Bone broth: Is it good for you? Here's what experts say.
You've probably been seeing bone broth videos popping up on your social media feed. Celebrities mention sipping it for lunch. But is it actually healthy, or a lot of hype?
Laura Ligos, a registered dietitian nutritionist and specialist in sports dietetics, says bone broth has been a trend for a while, first gaining popularity when keto and paleo diets were on the rise. Now, the drink is gaining more attention thanks to celebrities and influencers sharing their interest online.
While bone broth can provide some beneficial nutrients, experts don't view the popular beverage as vital addition to your wellness regime.
"There has not been some earth-shattering research that has emerged telling us that bone broth is the cure-all," Ligos says.
What else do you need to know about the trend? We asked some commonly searched questions:
Is drinking bone broth good for you?
Made by simmering animal bones in water for a long time with vegetables, spices and sometimes other ingredients like apple cider vinegar, bone broth can be "part of the puzzle, but is not a quick fix," Ligos says.
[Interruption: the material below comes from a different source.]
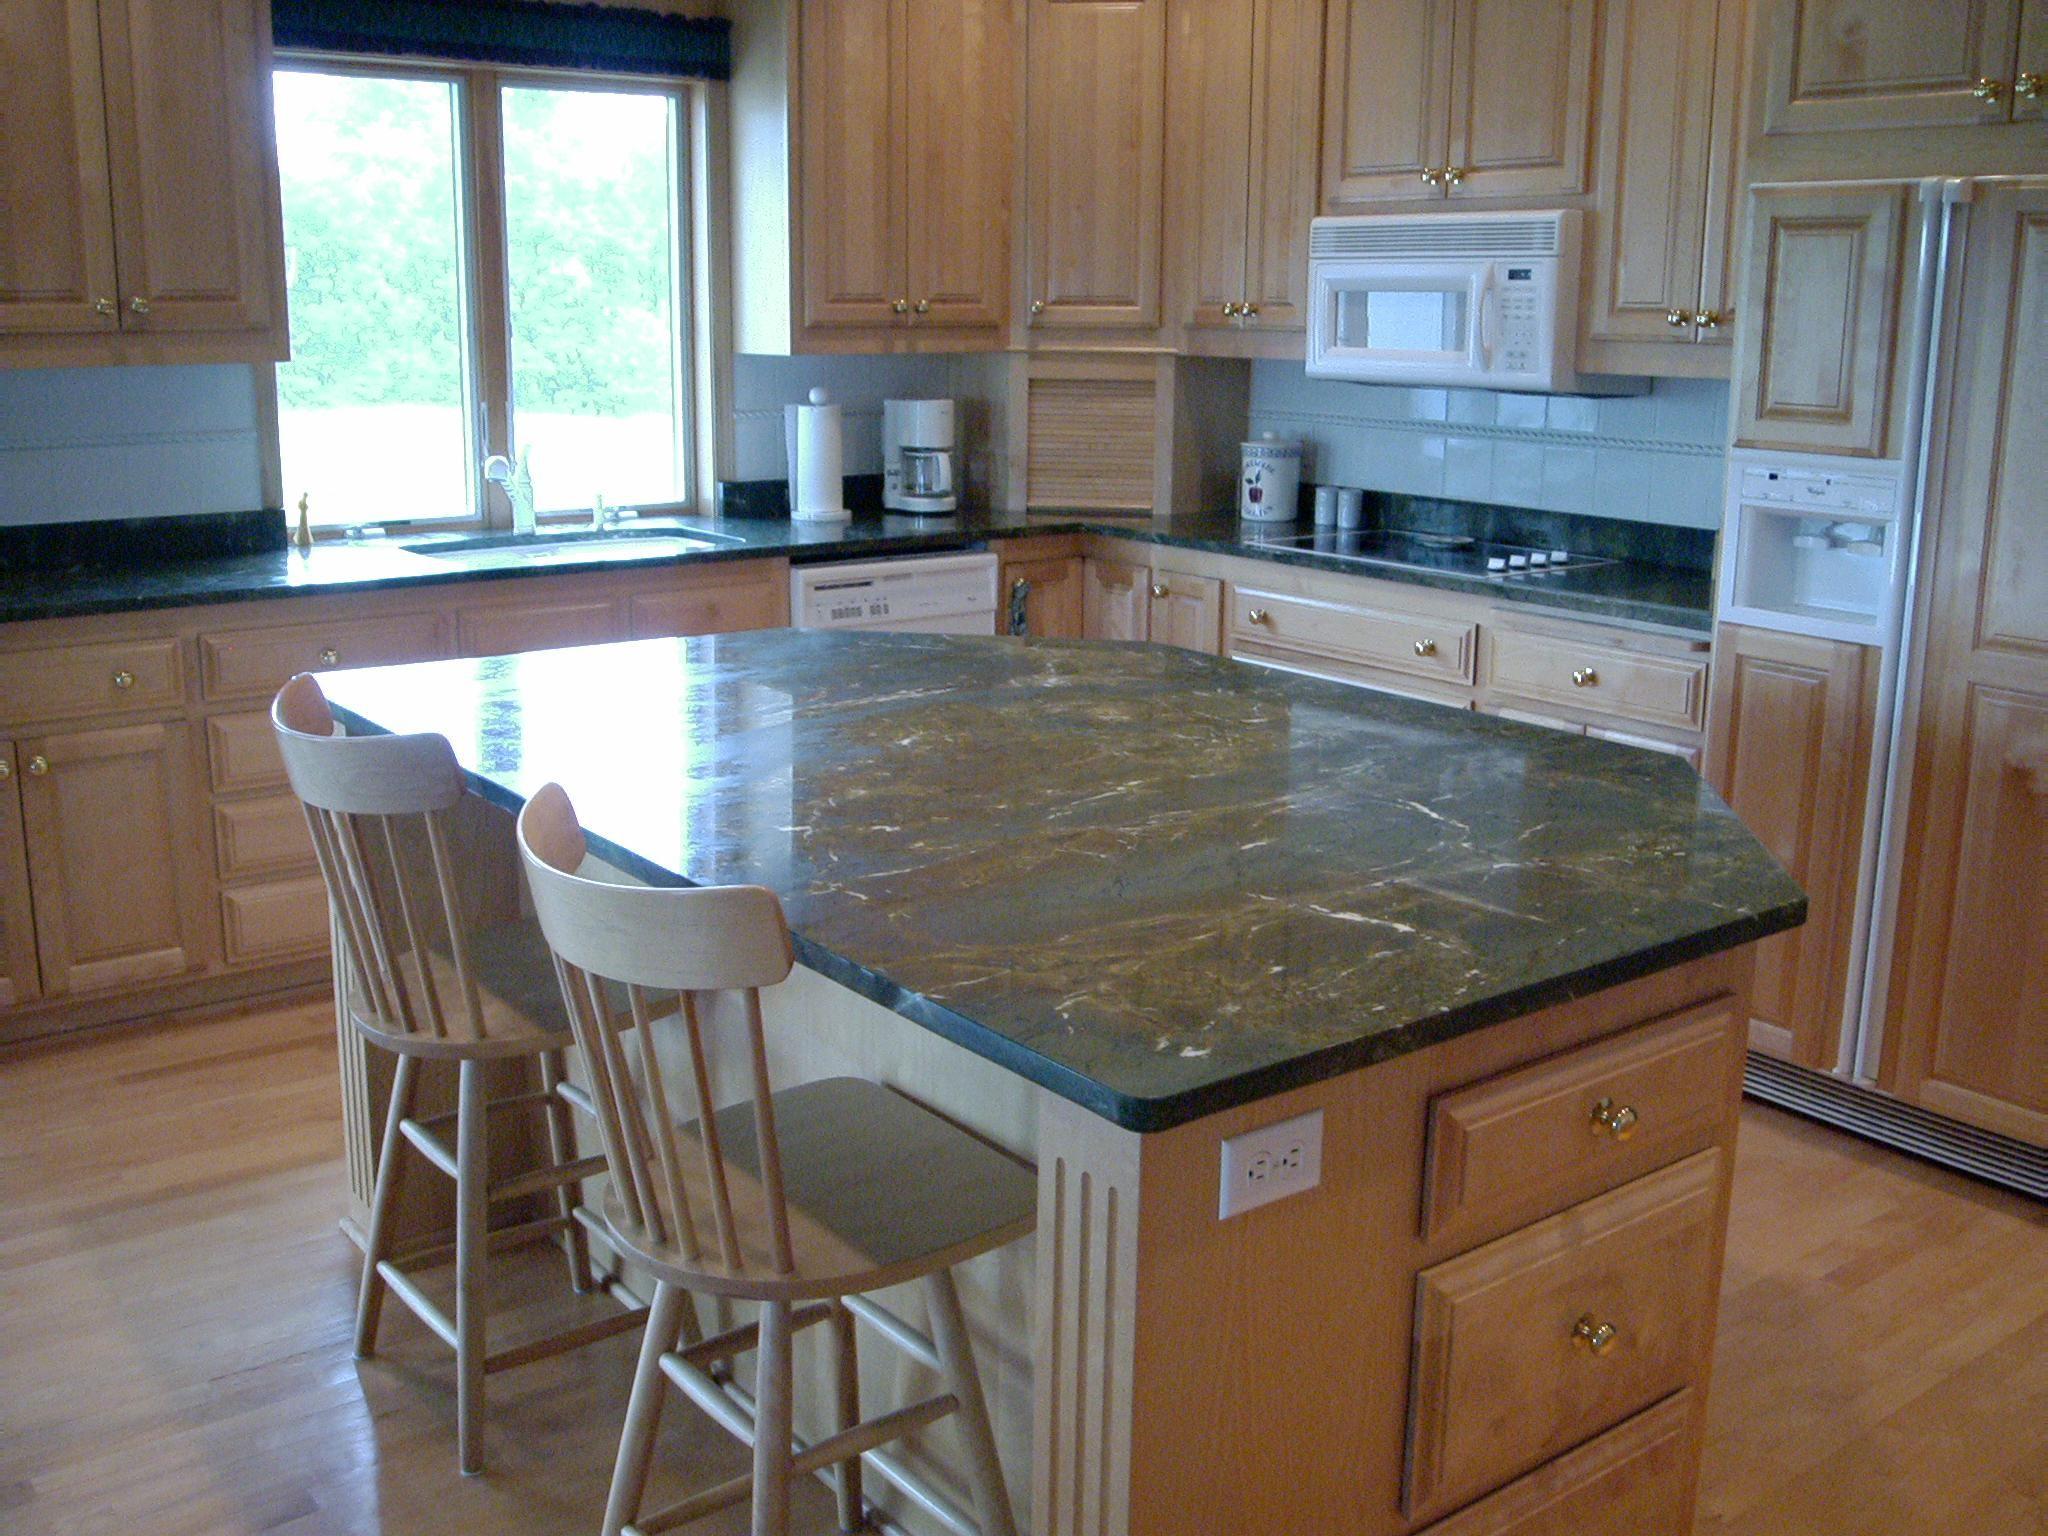 Kitchen Design Granite Simple Golden Musk Granite  Kitchen Design Gallery  Pinterest  Kitchen Design Decoration

"The goal is to help to pull out important nutrients from the bones, like collagen, gelatin, amino acids like glycine as well as minerals like calcium and magnesium," she says. "It's these nutrients that are extracted from the bones that have been shown to be helpful with gut, skin, hair, and nail health and there is some truth to that. That being said, we need more than just bone broth to be able to improve overall health."
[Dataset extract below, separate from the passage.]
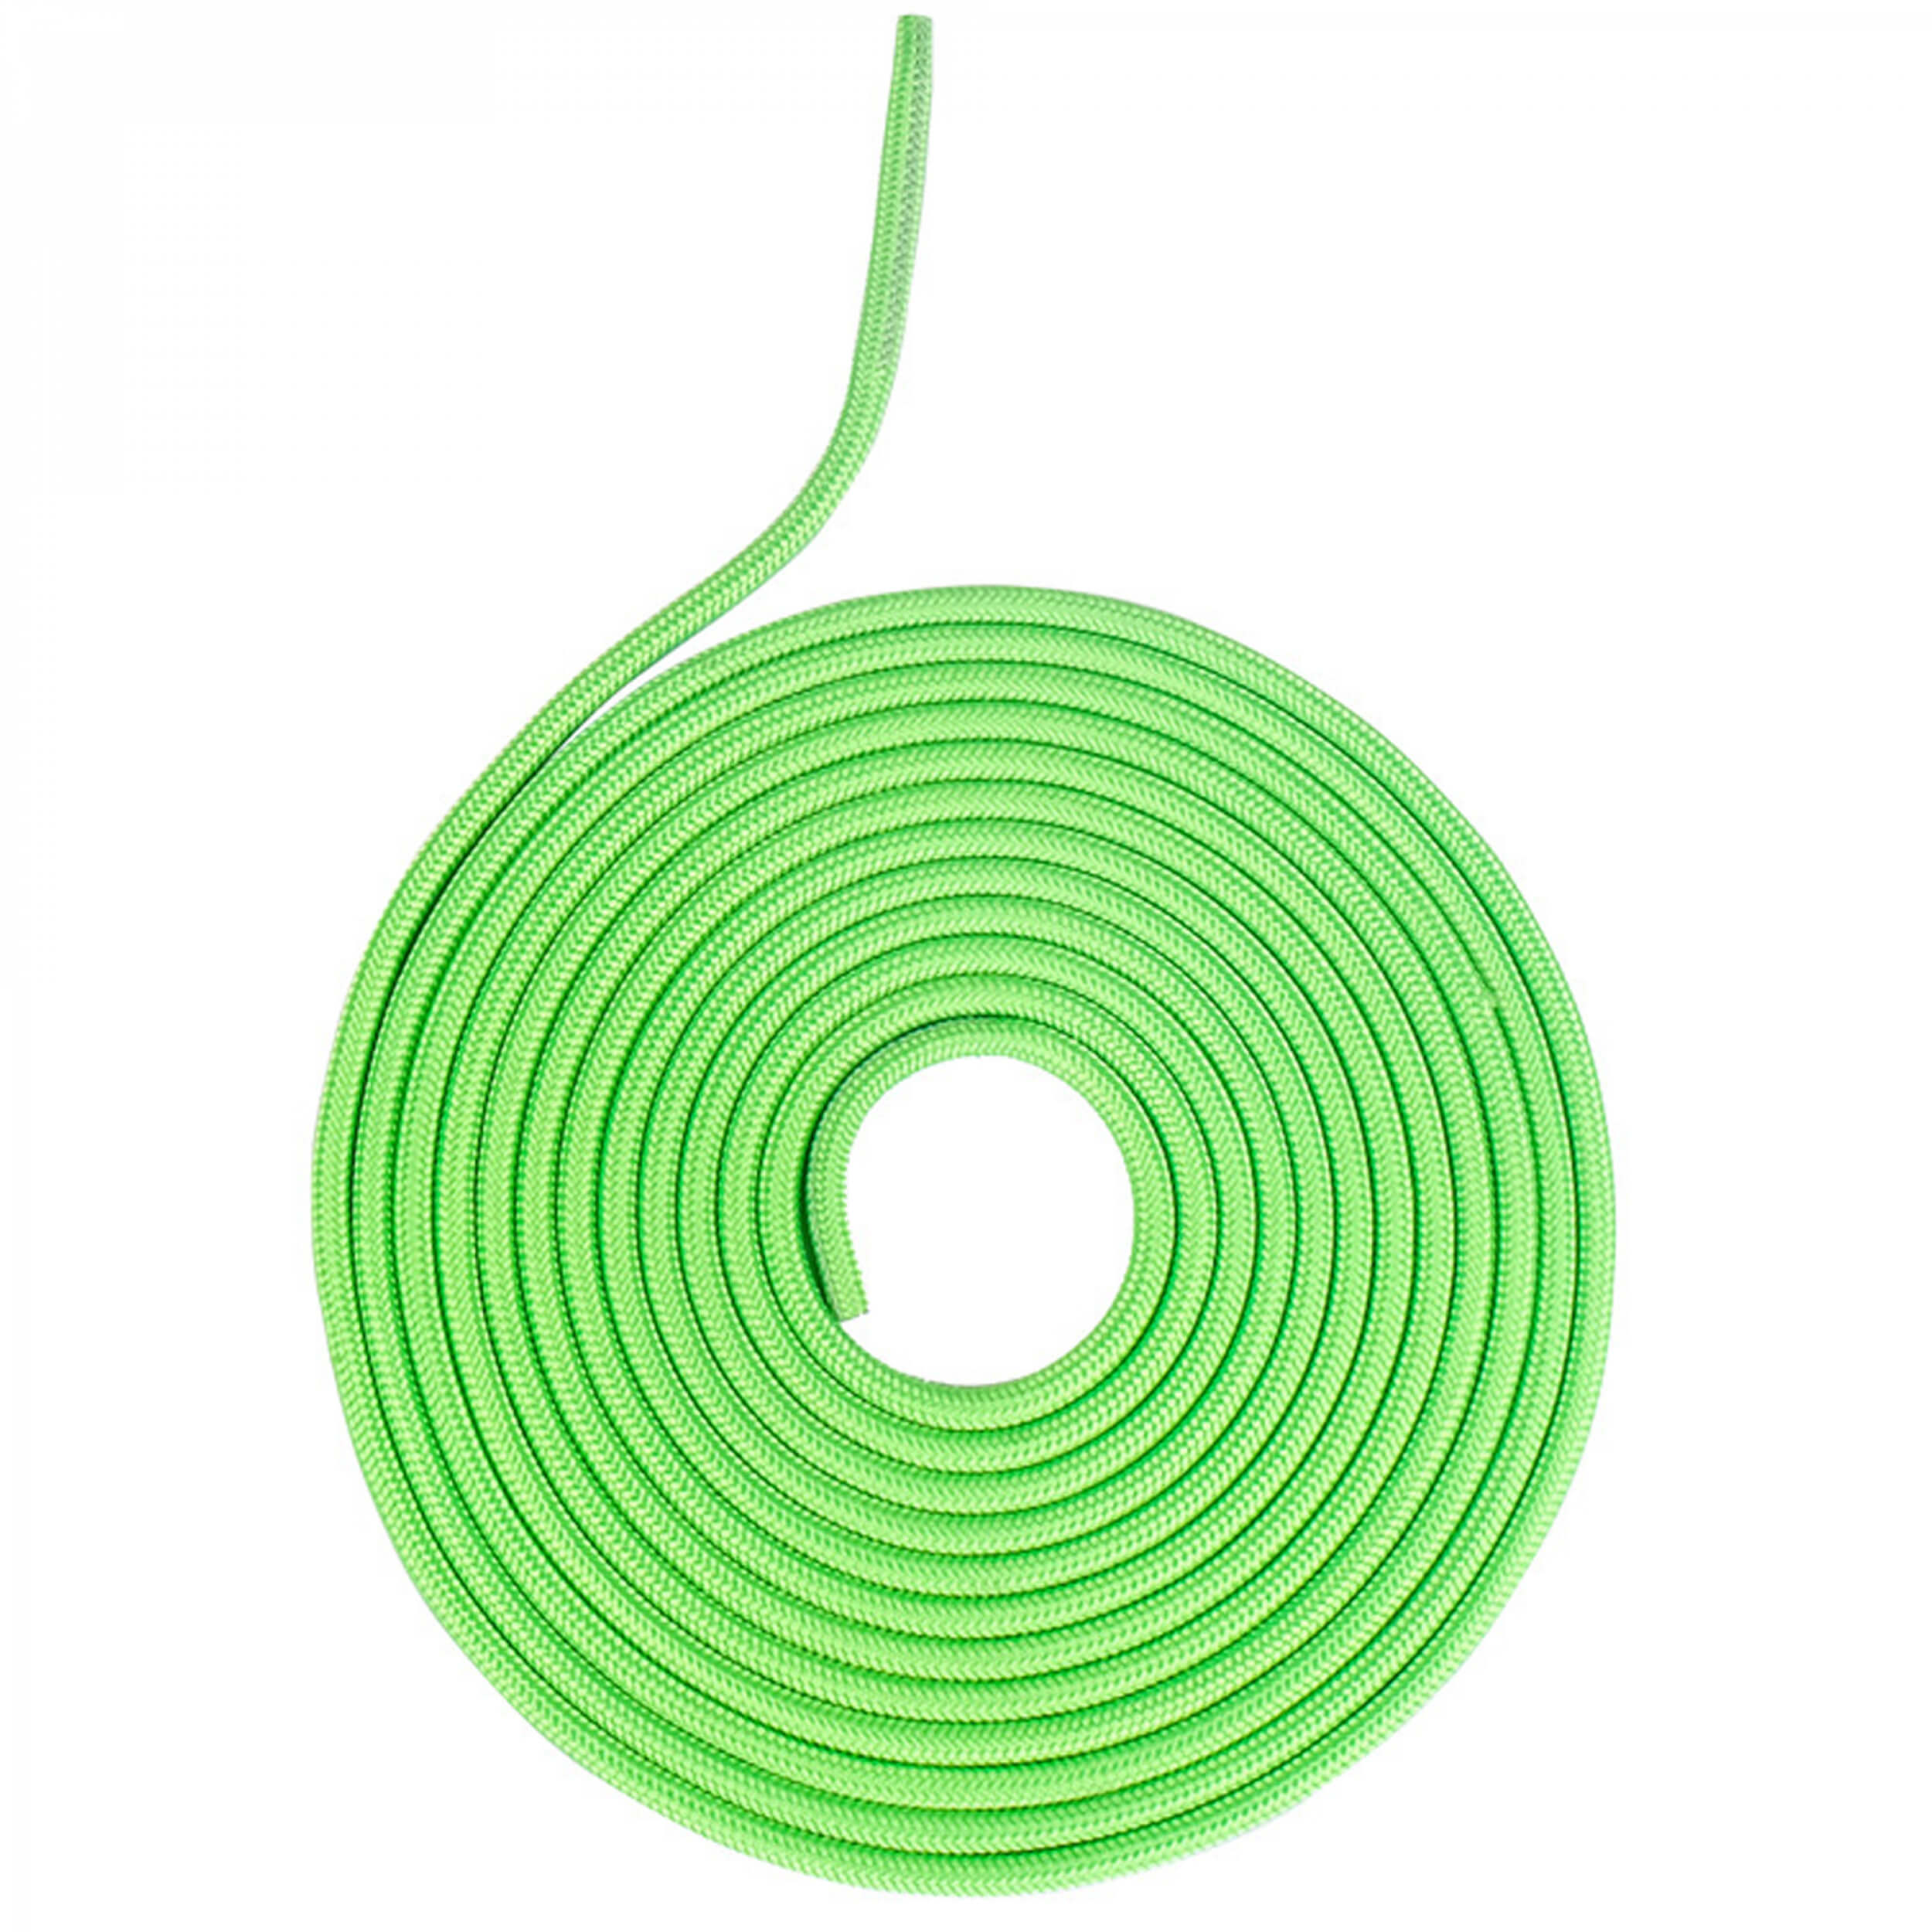 Edelrid Hard Line 6mm neon green

Benefits of bone broth include providing humans with certain nutrients from the connective tissue and meat of the bones, which in turn can aid in strengthening of muscle and bones, explains Jenna Litt, a registered dietitian at Lenox Hill Hospital in New York.
"Specifically, bone broth is rich in collagen and certain vitamins and minerals, such as, iron, fat-soluble vitamins, zinc and other trace minerals. Collagen and fat-soluble vitamins are known to improve hair, skin and nail health," she adds.
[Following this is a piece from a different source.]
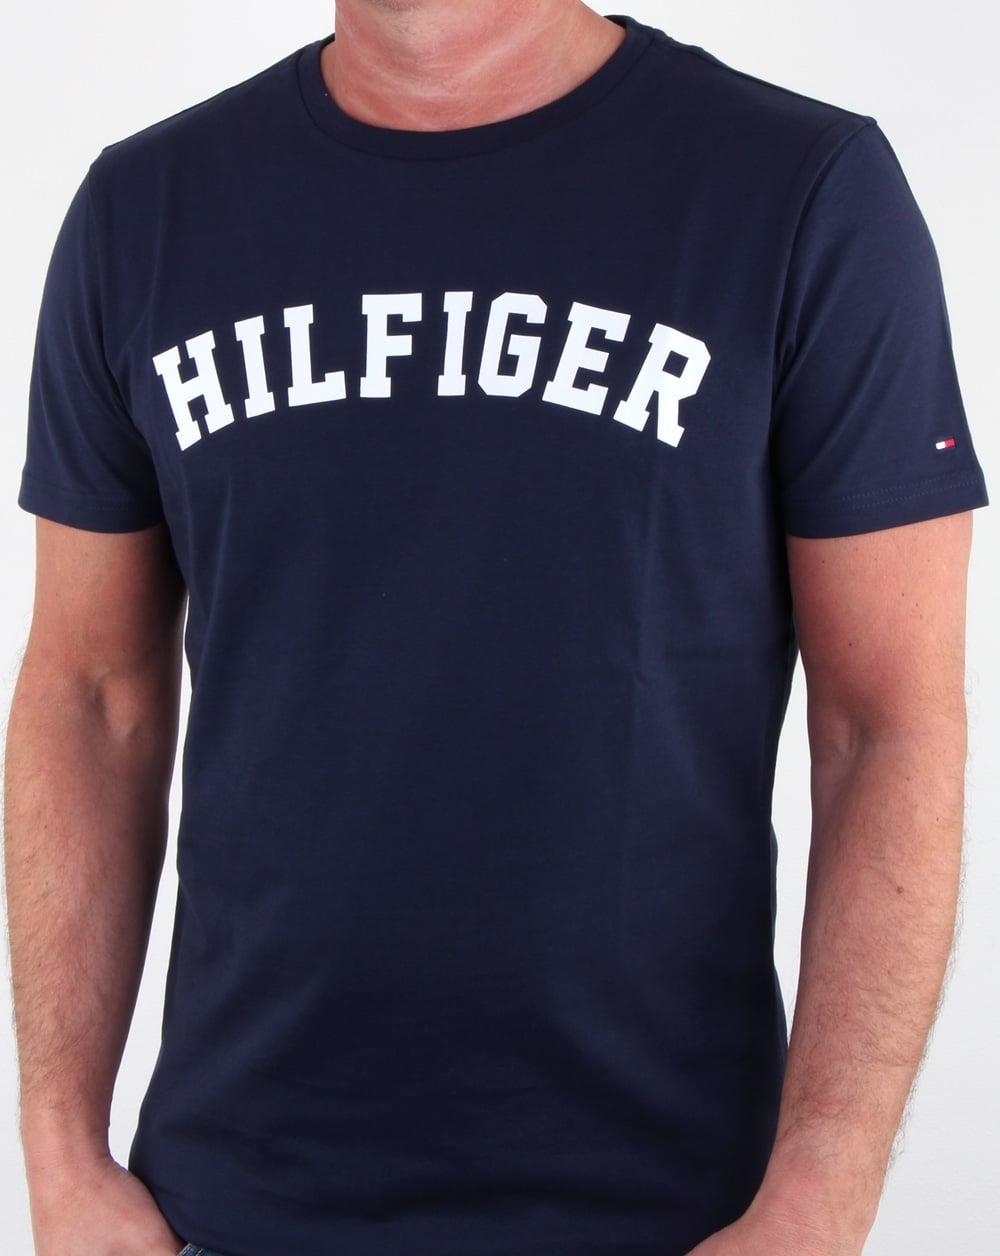 86a4639c Tommy Hilfiger Text Logo T Shirt Navy | 80s casual classics

Currently there is not enough research to support the benefits or detriments of bone broth on gut health, Litt says.
Ligos also adds it can be hard to discern the quantity and quality of collagen and gelatin in bone broth, or whether it's in high enough concentrations to have an effect on health, as recipes differ.
Can drinking bone broth help with weight loss?
"The use of bone broth daily has been shown to decrease appetite due to the high protein content, thus many have noticed weight loss as a side effect," Litt says.
However, for this reason, bone broth should not be used daily by children and pregnant women, she adds.
Do I need bone broth in my diet?
The short answer? No.
While almost anyone can try it, Ligos says it's important to zoom out and look at the big picture when thinking about nutrition.
"There likely isn't one food item that's going to be the golden ticket to our health. It's a combination of things that we do that can support our health over the long haul. Bone broth can certainly be a part of that — but not the only part of that."
For example, if you're interested in improving skin, nail and hair health, simply increasing protein intake in your diet has been shown to yield results, Litt says, pointing out that "the use of bone broth is not required."
When is the best time to drink bone broth?
If you do want to give bone broth a try, there are a variety of ways to do it. Ligos says for most people it's neither "realistic nor enjoyable to just sip on broth all day, every day."
Instead, she suggests getting its benefits by using it in cooking things like stews, chilis, soups and risotto.
"I have seen with clients that are struggling with digestive issues that having more soups (and) stews can be easier on their digestion. These types of foods have a lot of minerals and amino acids to help improve gut health and are just easier for our body to break down, as opposed to a large salad, as cooking helps to start the process of breaking down our food for us."
Litt adds that people should consult with a doctor prior to starting any new supplements to ensure there are no contraindications of use.